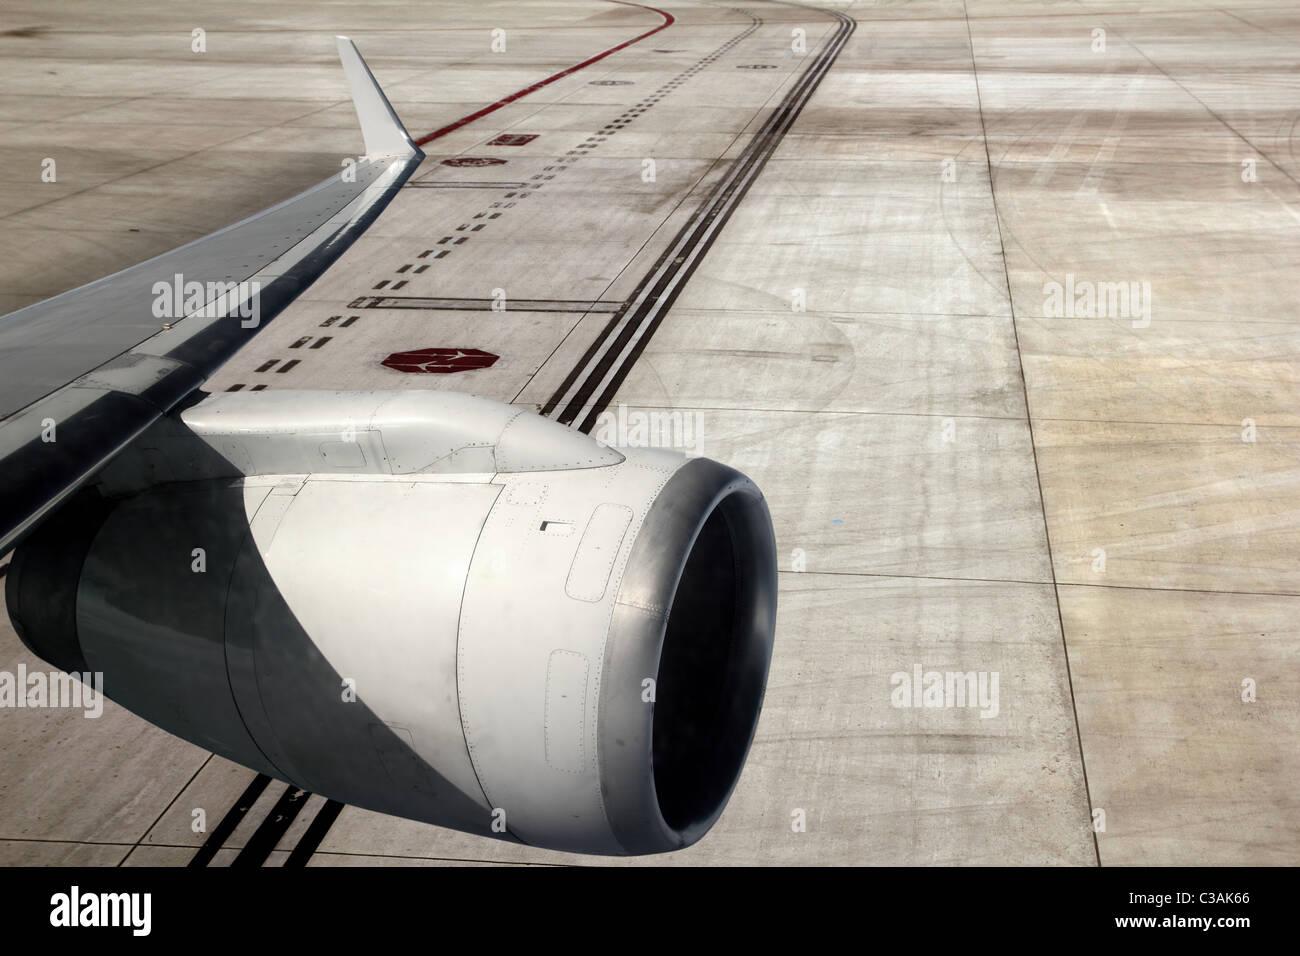 airplane wing aircraft turbine landing on runway road - Stock Image
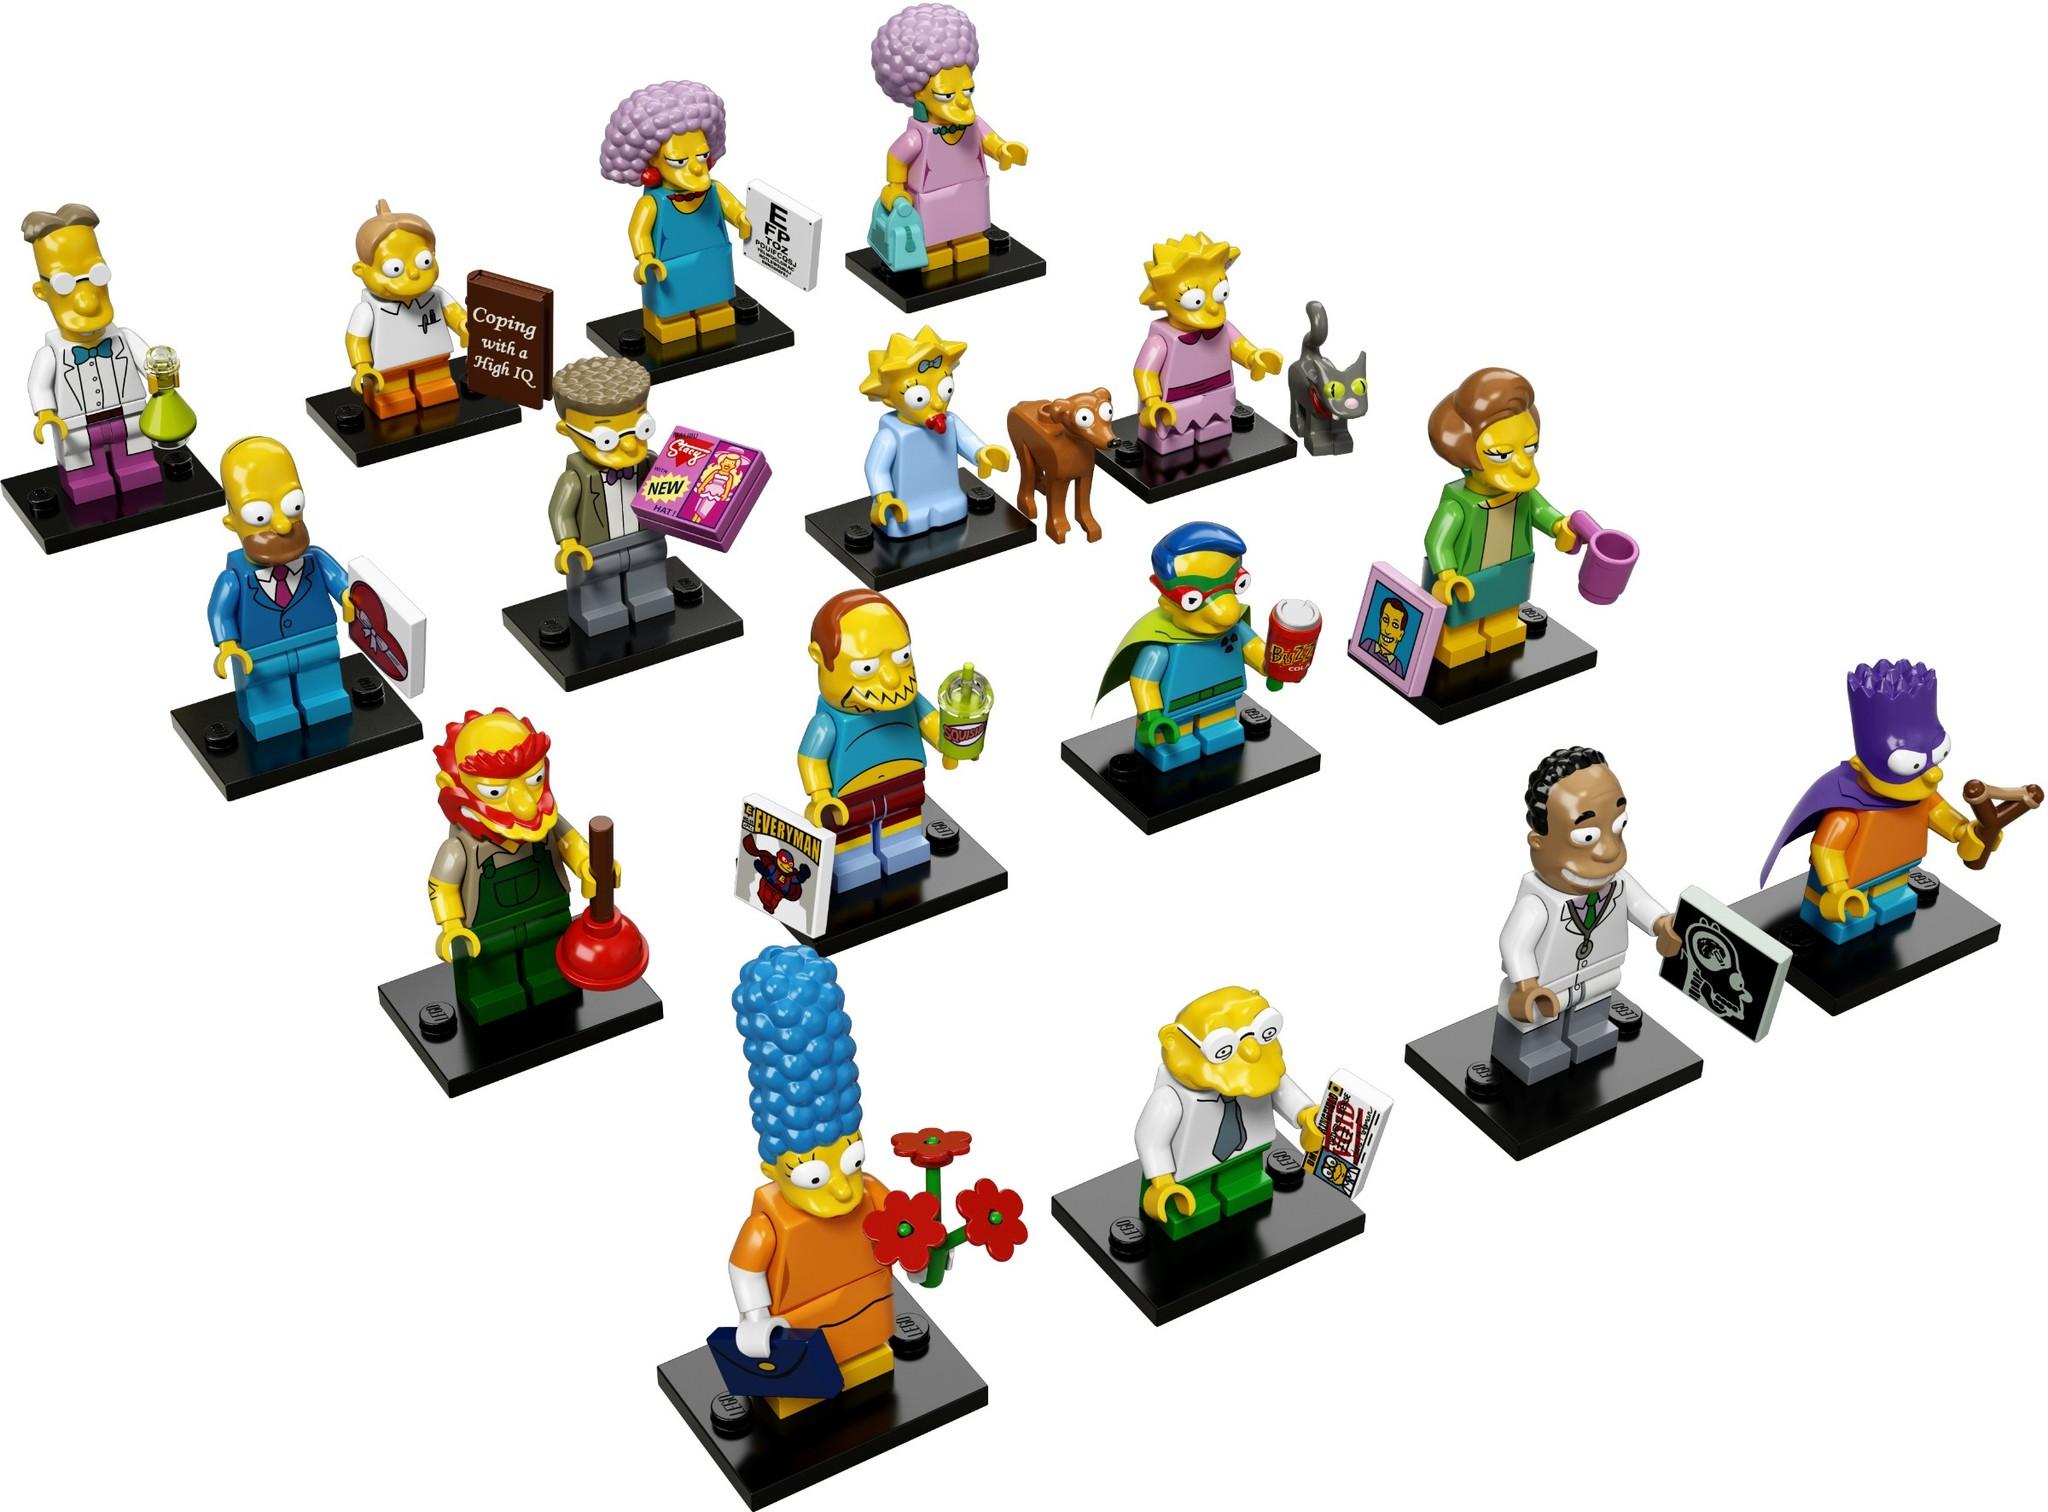 LEGO 71009 - LEGO Simpsons Series 2 Complete Full Set (16 pcs) MISP
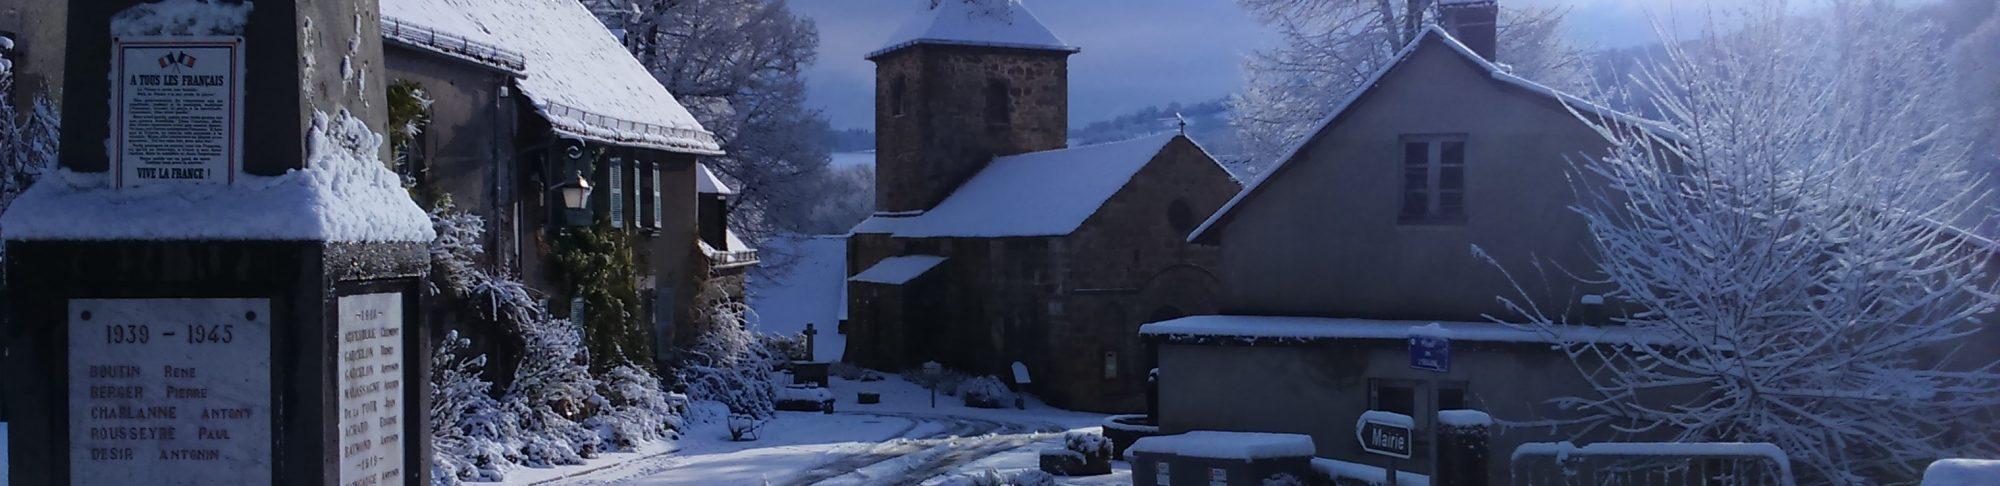 jaleyrac neige 3

» What the task asks:
Each line above should be set down exactly as written, with pictures excluded.

» Answer section:
 airplane wing aircraft turbine landing on runway road - Stock Image
 LEGO 71009 - LEGO Simpsons Series 2 Complete Full Set (16 pcs) MISP
 jaleyrac neige 3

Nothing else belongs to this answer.